The records:
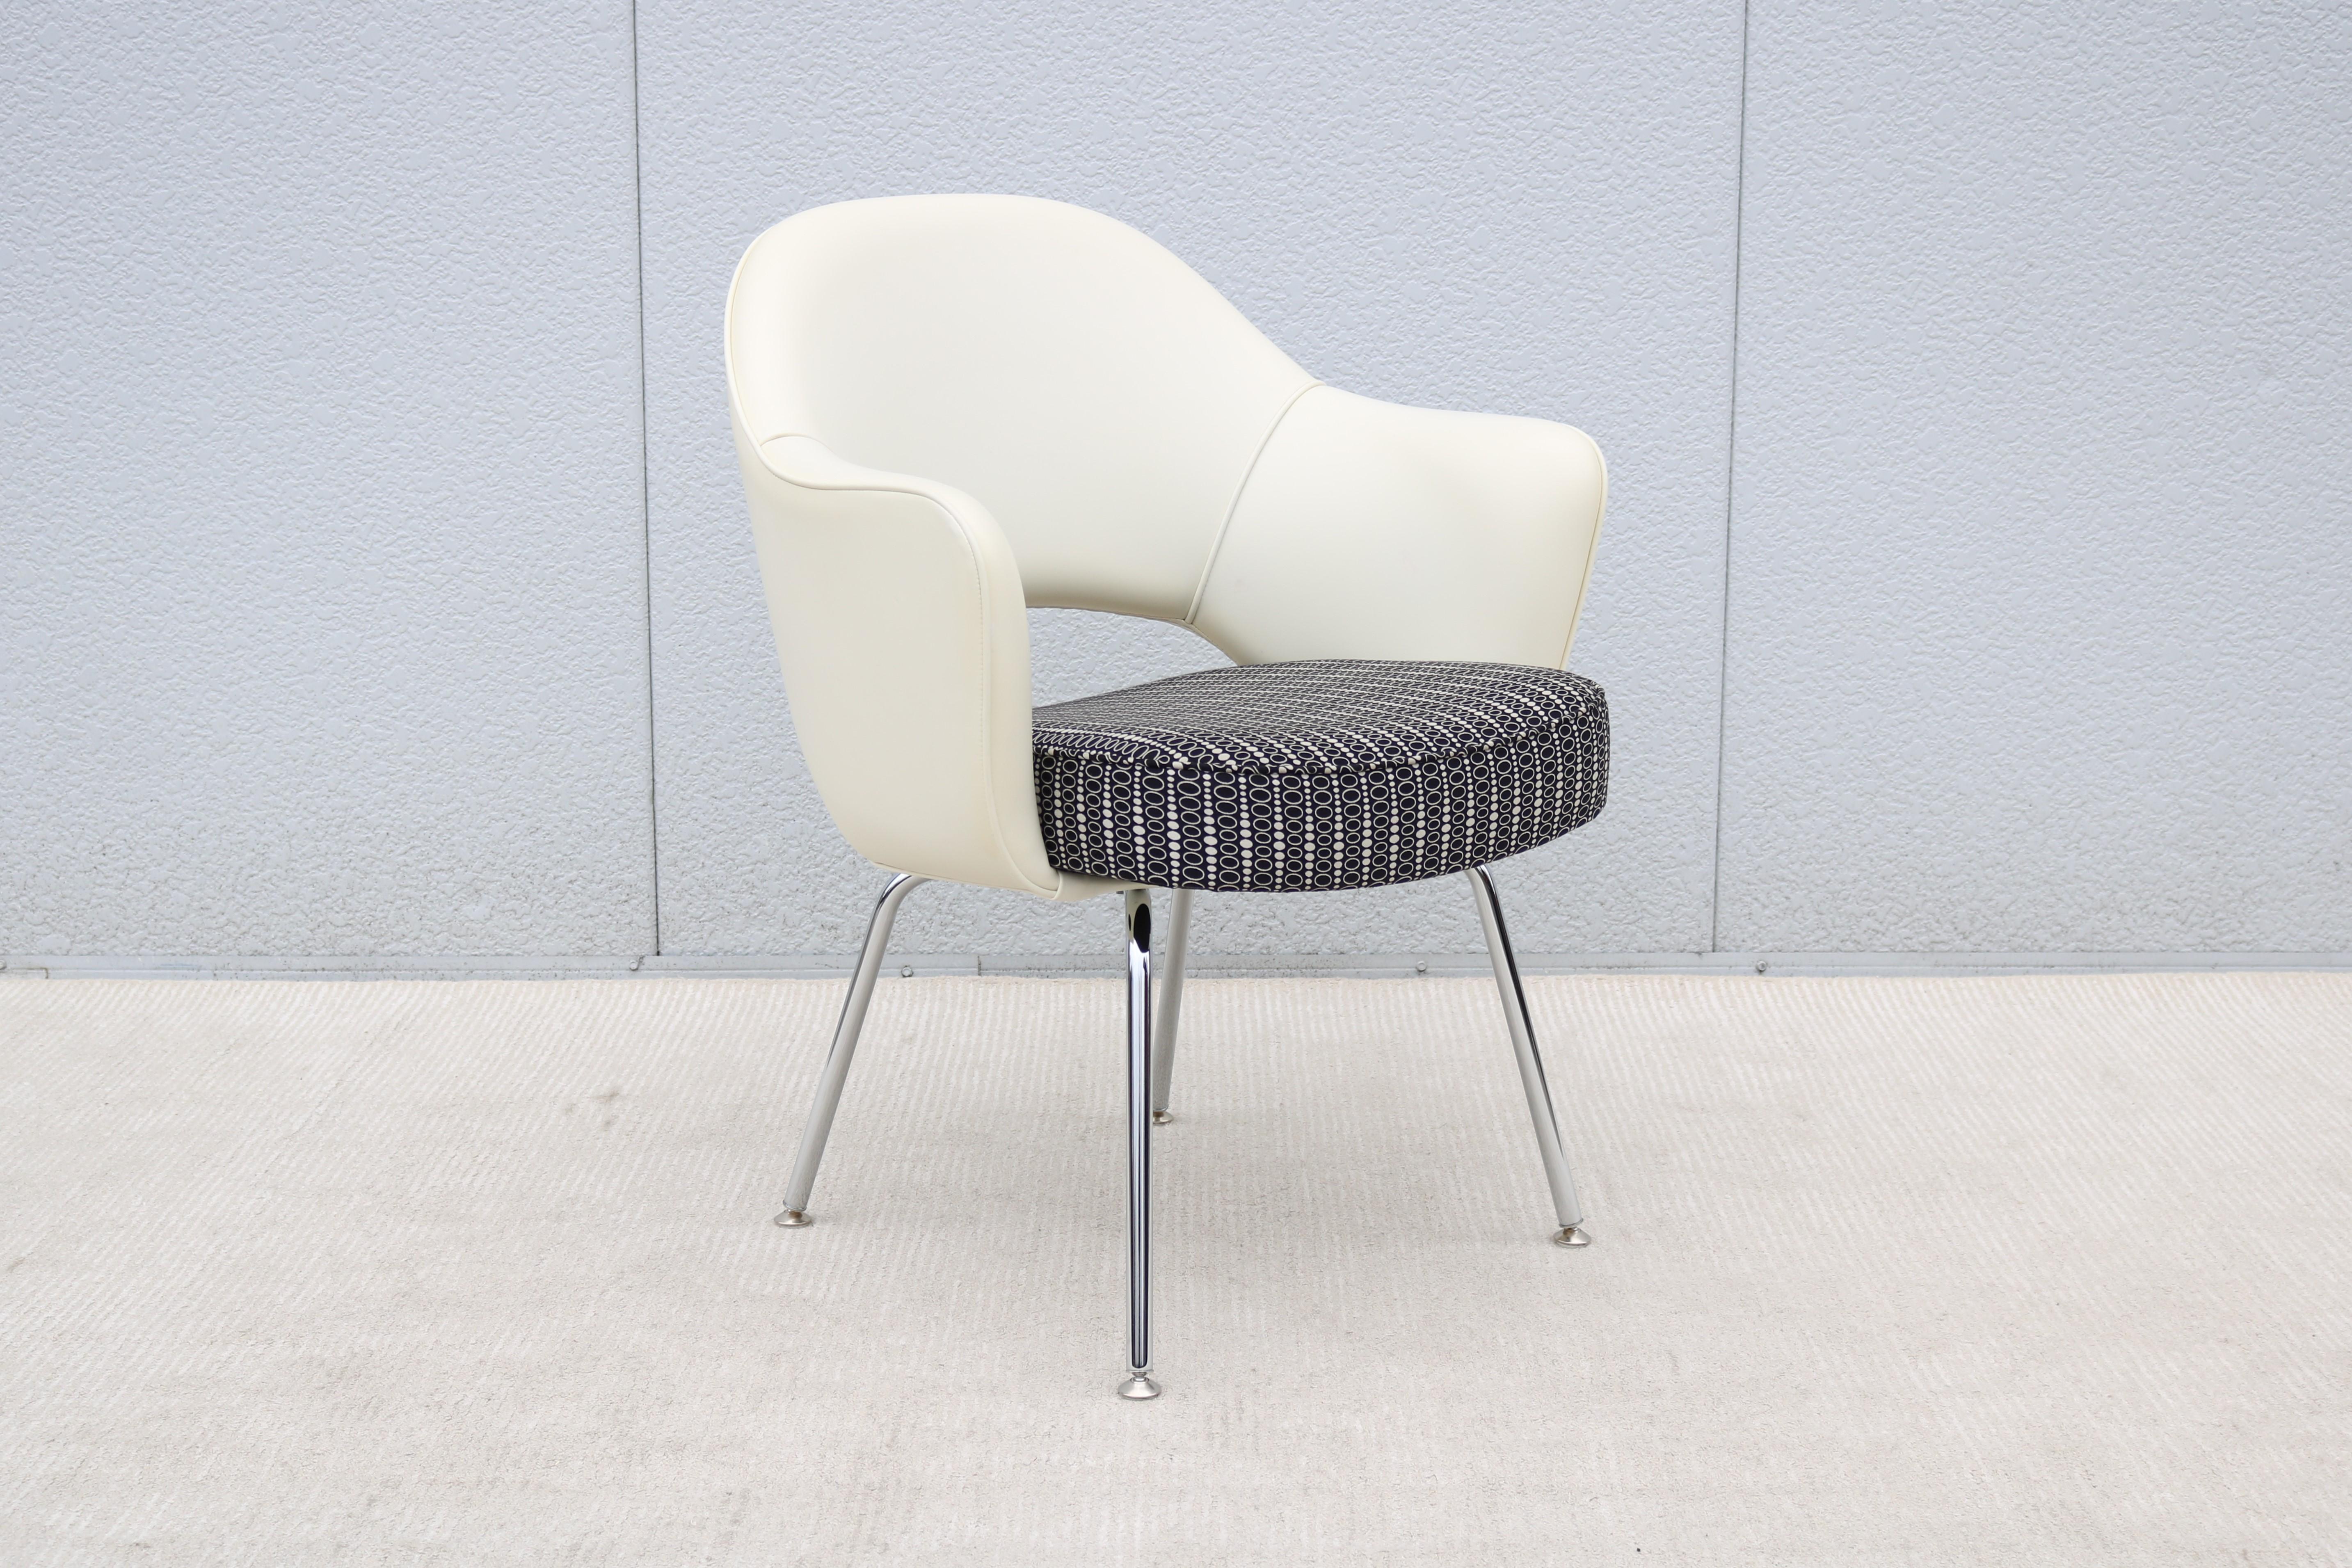 Stunning authentic mid-century modern Saarinen Executive armchair by Knoll.
One of Knoll's most popular designs that achieved supreme comfort through the shape of its shell.
It was introduced in 1950 a midcentury modern classic of the Eames era.
The
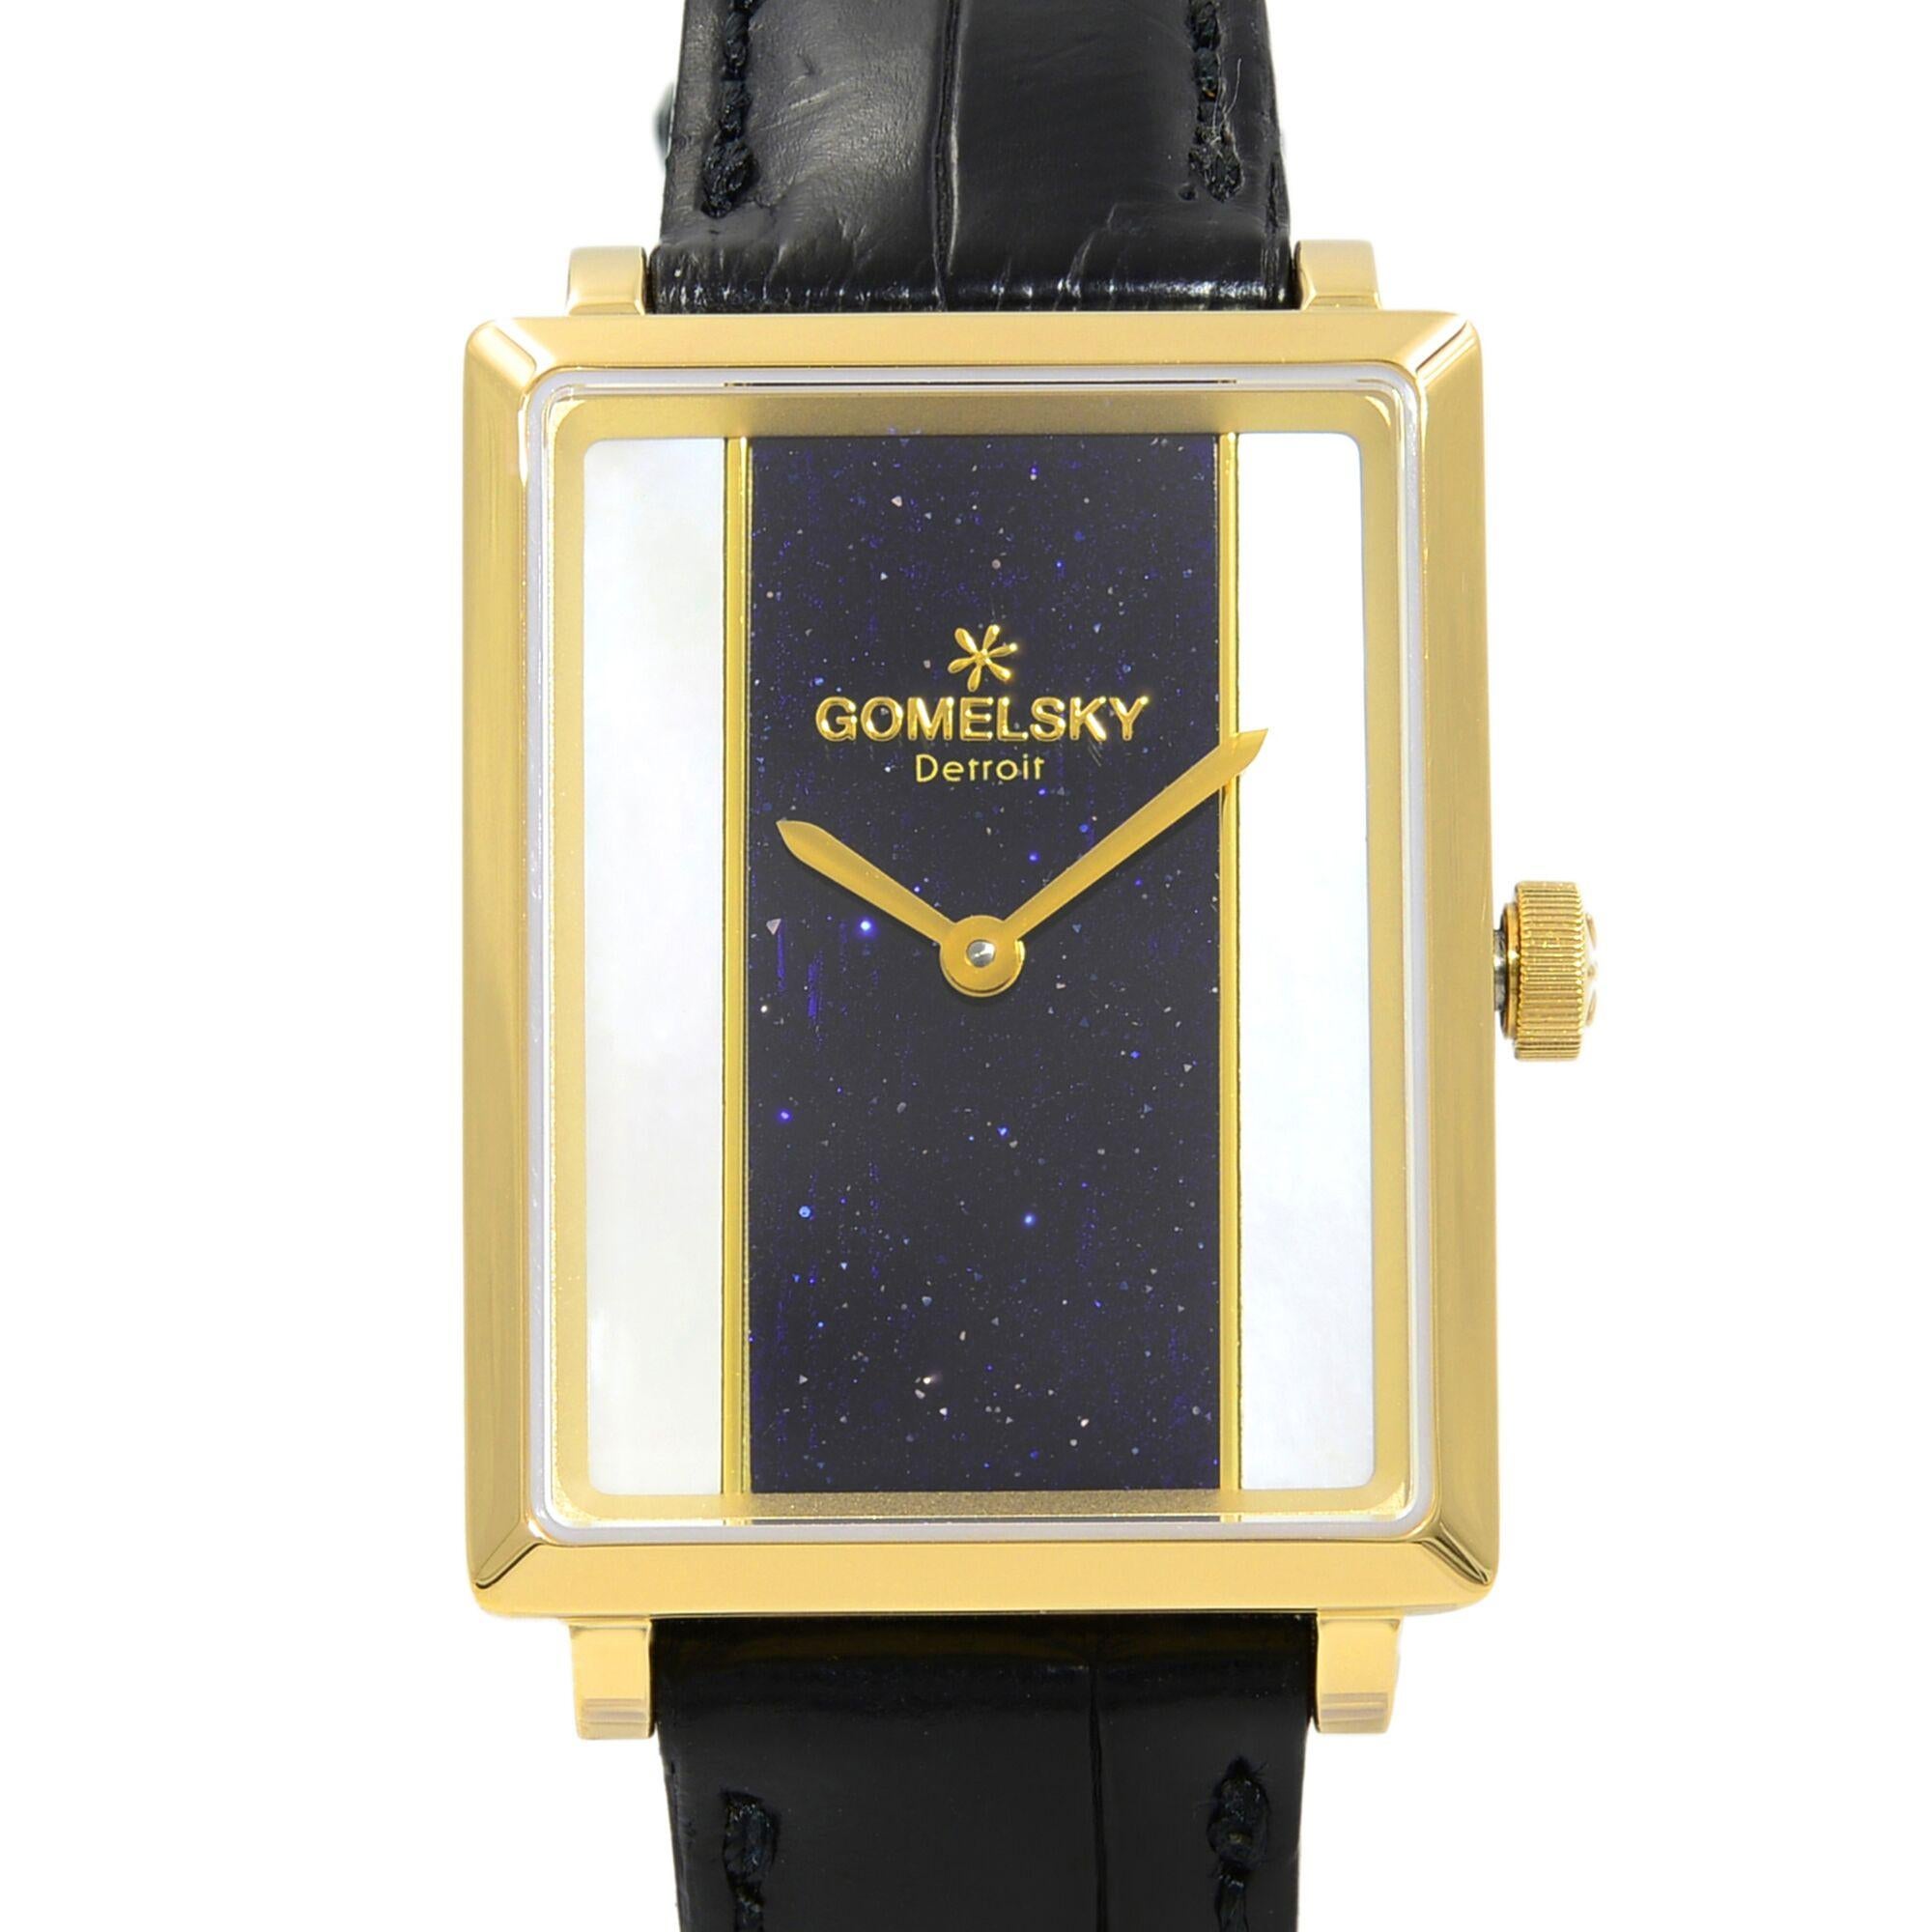 This brand new Gomelsky Shirley Fromer G0120083081 is a beautiful Unisex timepiece that is powered by quartz (battery) movement which is cased in a stainless steel case. It has a rectangle shape face, dial, and has hand unspecified style markers. It

The task: Write out every entry again word for word, without any of the pictures.

Finished task:
 Stunning authentic mid-century modern Saarinen Executive armchair by Knoll.
One of Knoll's most popular designs that achieved supreme comfort through the shape of its shell.
It was introduced in 1950 a midcentury modern classic of the Eames era.
The
 This brand new Gomelsky Shirley Fromer G0120083081 is a beautiful Unisex timepiece that is powered by quartz (battery) movement which is cased in a stainless steel case. It has a rectangle shape face, dial, and has hand unspecified style markers. It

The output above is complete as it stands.